Hab ich noch nie probiert.“
    Das wirkte
wenig vertrauenerweckend auf Rolo.
    „Lass mich
mal dahin.“
    Widerwillig
kletterte Driftwood auf den Beifahrersitz, während Rolo hinter dem Lenkrad
Platz nahm. Es knirschte laut im Getriebe, bis Rolo den ersten Gang eingelegt
hatte. Auch seine Erfahrung mit Autos beschränkte sich auf das, was er sich bei
seinem Vater abgeguckt hatte. Langsam und ruckelnd setzten sie sich in
Bewegung. Als sie im Halbkreis dicht an den Nachtwehrern vorbei fuhren, um zu
wenden, winkten alle ihnen fröhlich zu. Socke winkte zurück.
    Die Neolinga
bestiegen die Landwehr. Grellon erschrak. Das war doch sein Wagen. Er rannte
los.
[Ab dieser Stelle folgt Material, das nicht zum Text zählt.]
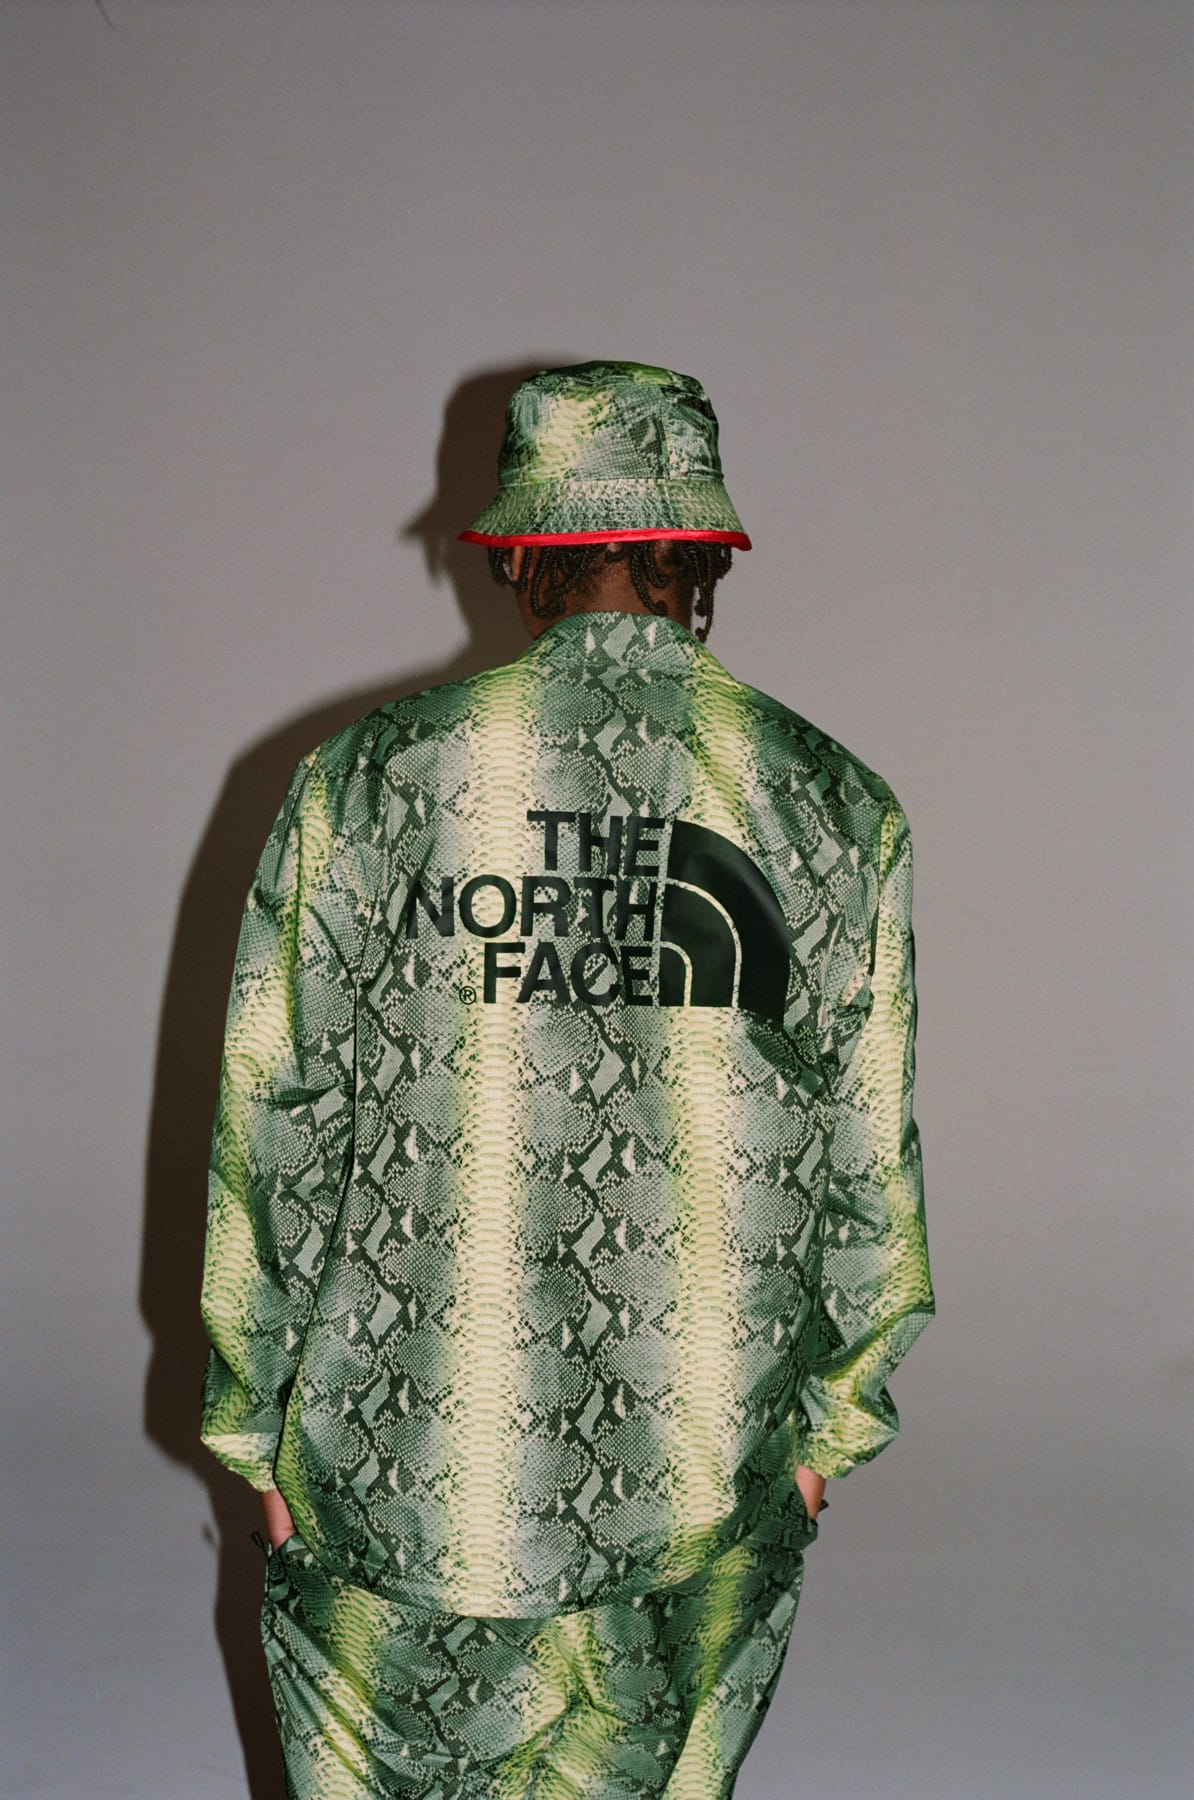 supreme north face backpack snakeskin

Laut rief er Rolos Namen. Aber es war vergeblich. Viel zu groß war die
Entfernung. Mit schmerzverzerrtem Gesicht fiel er auf die Knie.
     
     

Kapitel 28
    „Die anderen
Autos leuchten. Kannst du auch ein Licht einschalten?“
    „Klar.
Danke, Socke.“ Rolo betätigte nach und nach die verschiedenen Hebel und Knöpfe
am Armaturenbrett. Die Scheibenwischer gerieten in Bewegung.
    „Was ist
denn das?“, amüsierte sich Driftwood.
    „Das brauchen
wir jetzt nicht“, wiegelte Rolo ab. Endlich fand er den richtigen Knopf, und
die Straße vor ihnen erstrahlte im Scheinwerferlicht.